ASSIGNMENT. Skipping all pictures, please restate word for word the lines from the one that contains "Danny Murphy: 'Ten" through the last line of the entries.

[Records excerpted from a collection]
*** Begin section ***
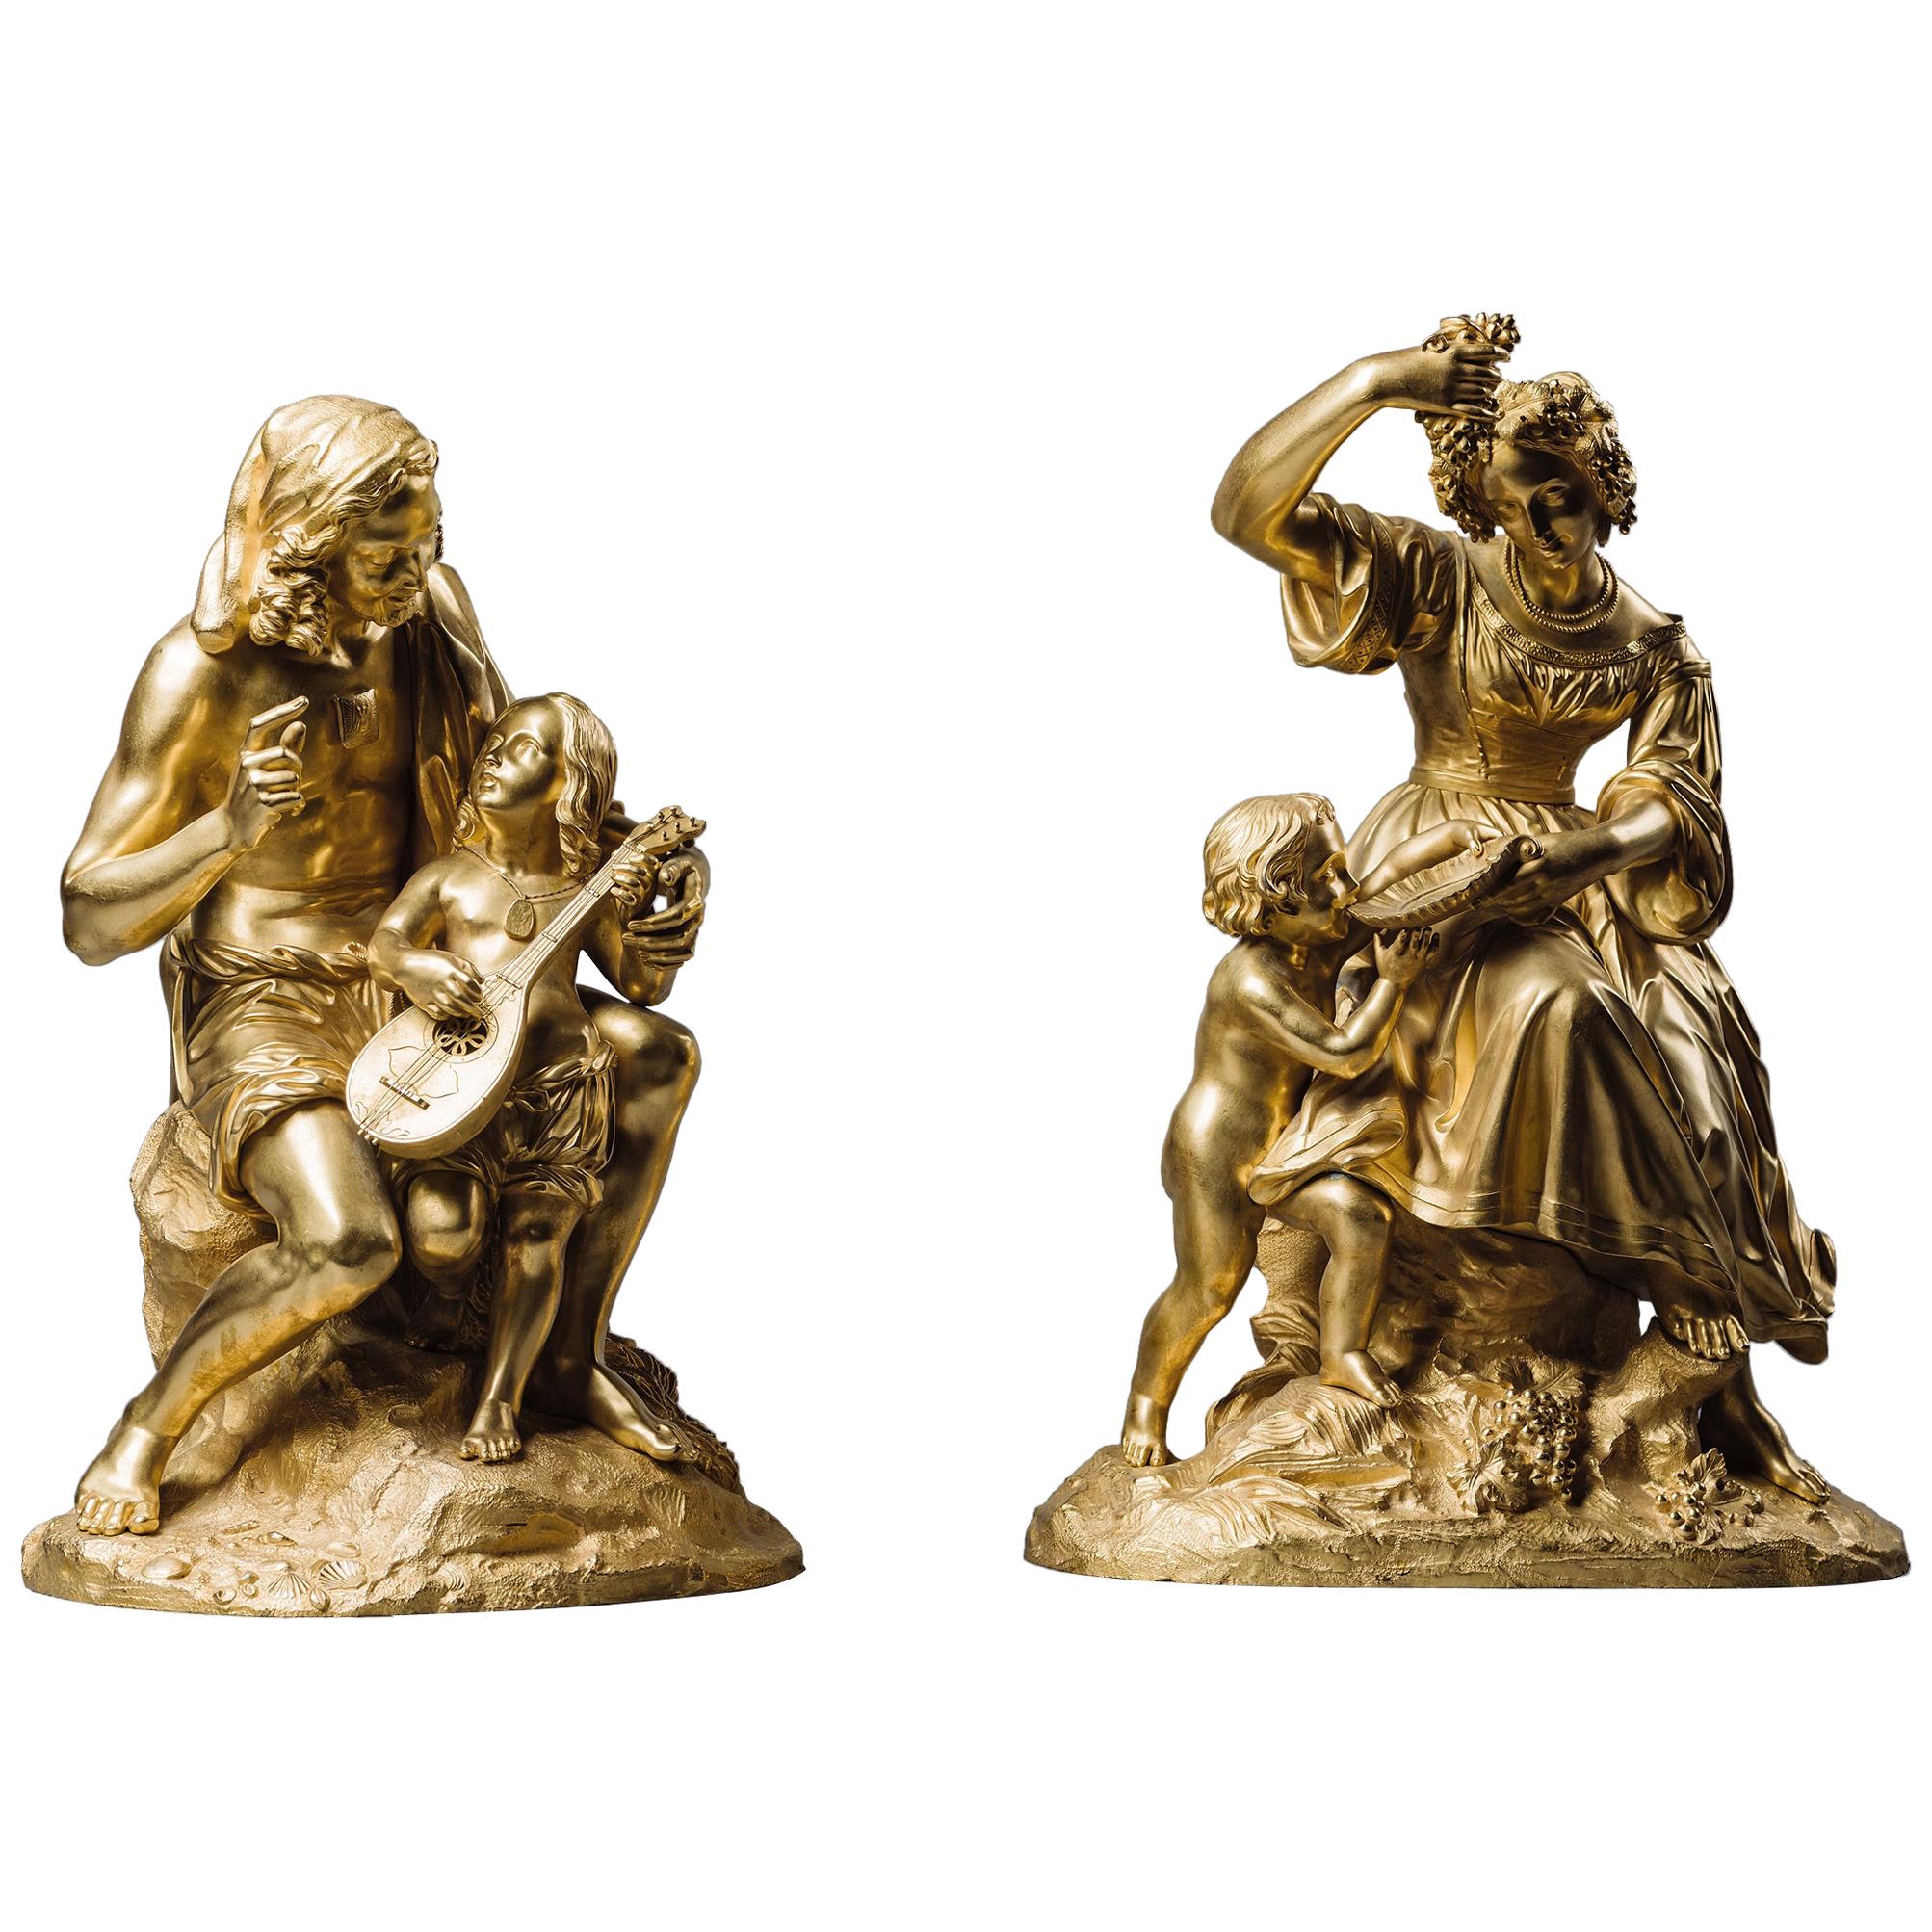 Pair of Restoration Period Gilt-Bronze Allegorical Groups. French, circa 1830 For Sale
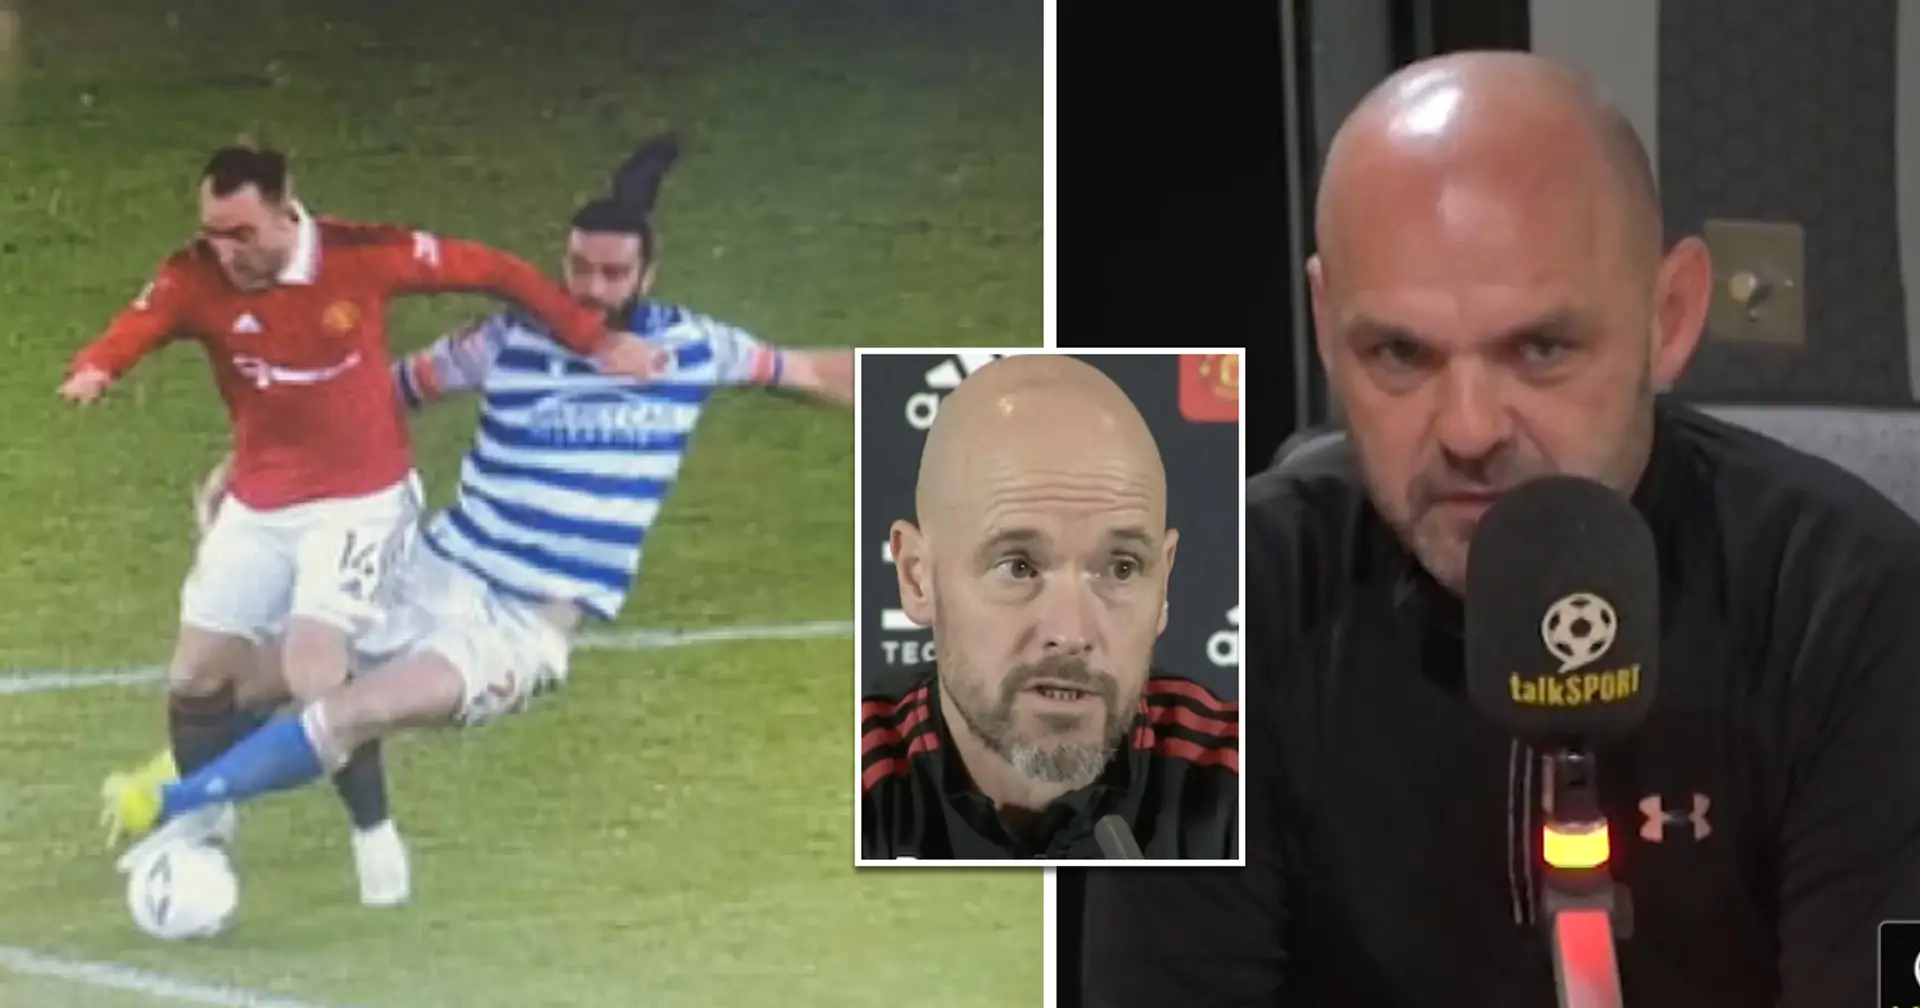 Danny Murphy: 'Ten Hag is whining about Caroll's tackle on Eriksen. Be positive!'
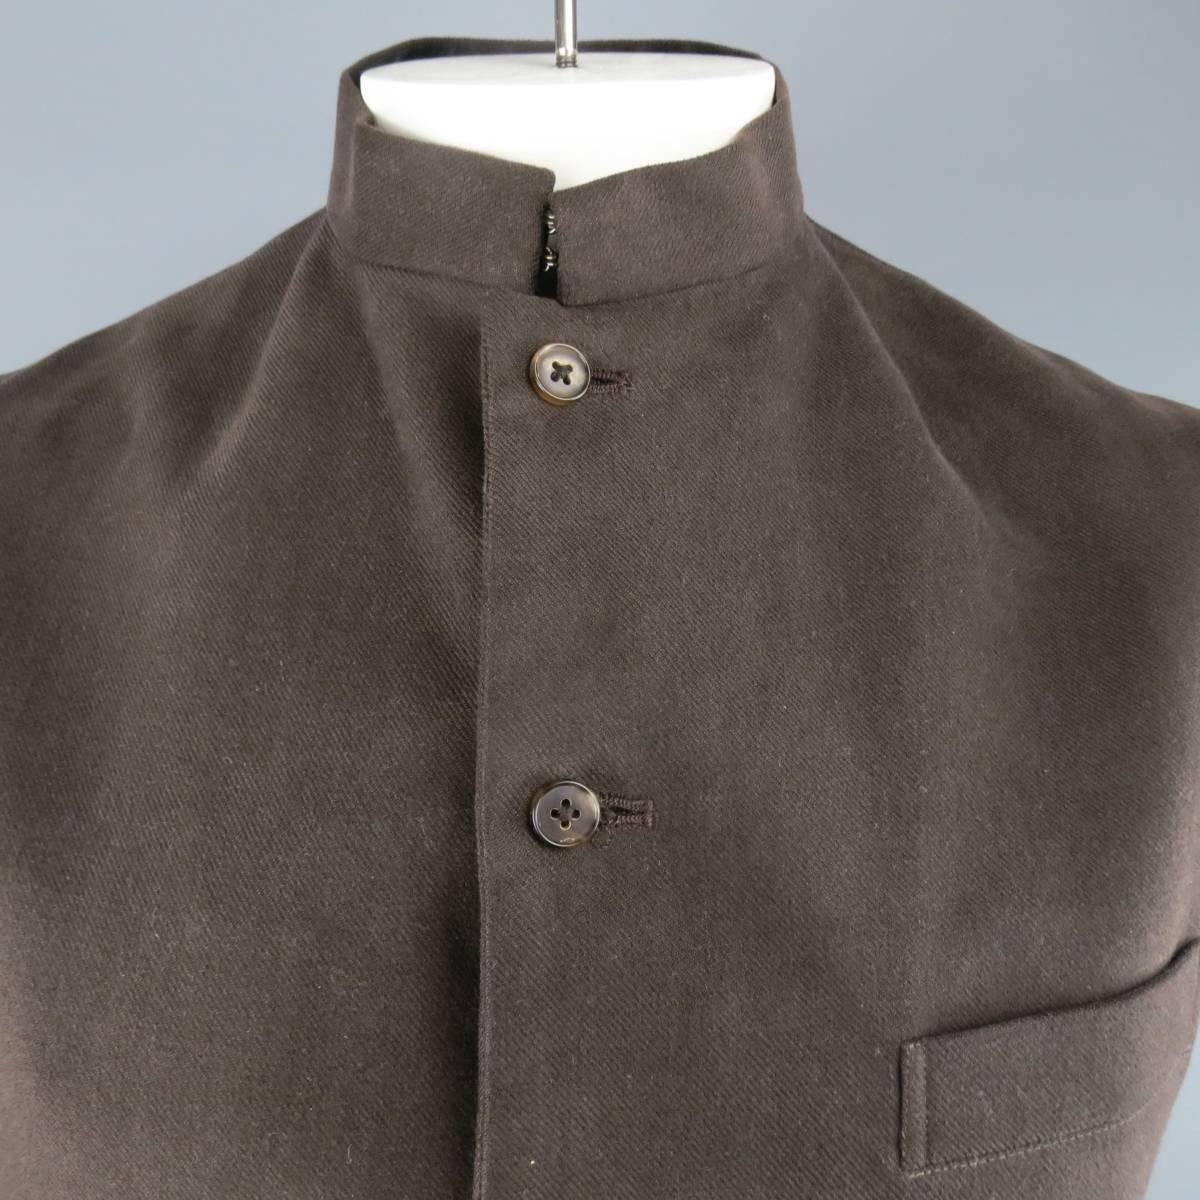 Y'S BY YOHJI YAMAMOTO vest in a brown cotton twill featuring a button up front and nehru band collar with hook eye closures. Made in Japan.
 
Excellent Pre-Owned Condition.
Marked: L
 
Measurements:
 
Shoulder: 16.5 in.
Chest: 42 in.
Length: 28 in.
*** End section ***
WORKED SOLUTION.
 Danny Murphy: 'Ten Hag is whining about Caroll's tackle on Eriksen. Be positive!'
 Y'S BY YOHJI YAMAMOTO vest in a brown cotton twill featuring a button up front and nehru band collar with hook eye closures. Made in Japan.
 
Excellent Pre-Owned Condition.
Marked: L
 
Measurements:
 
Shoulder: 16.5 in.
Chest: 42 in.
Length: 28 in.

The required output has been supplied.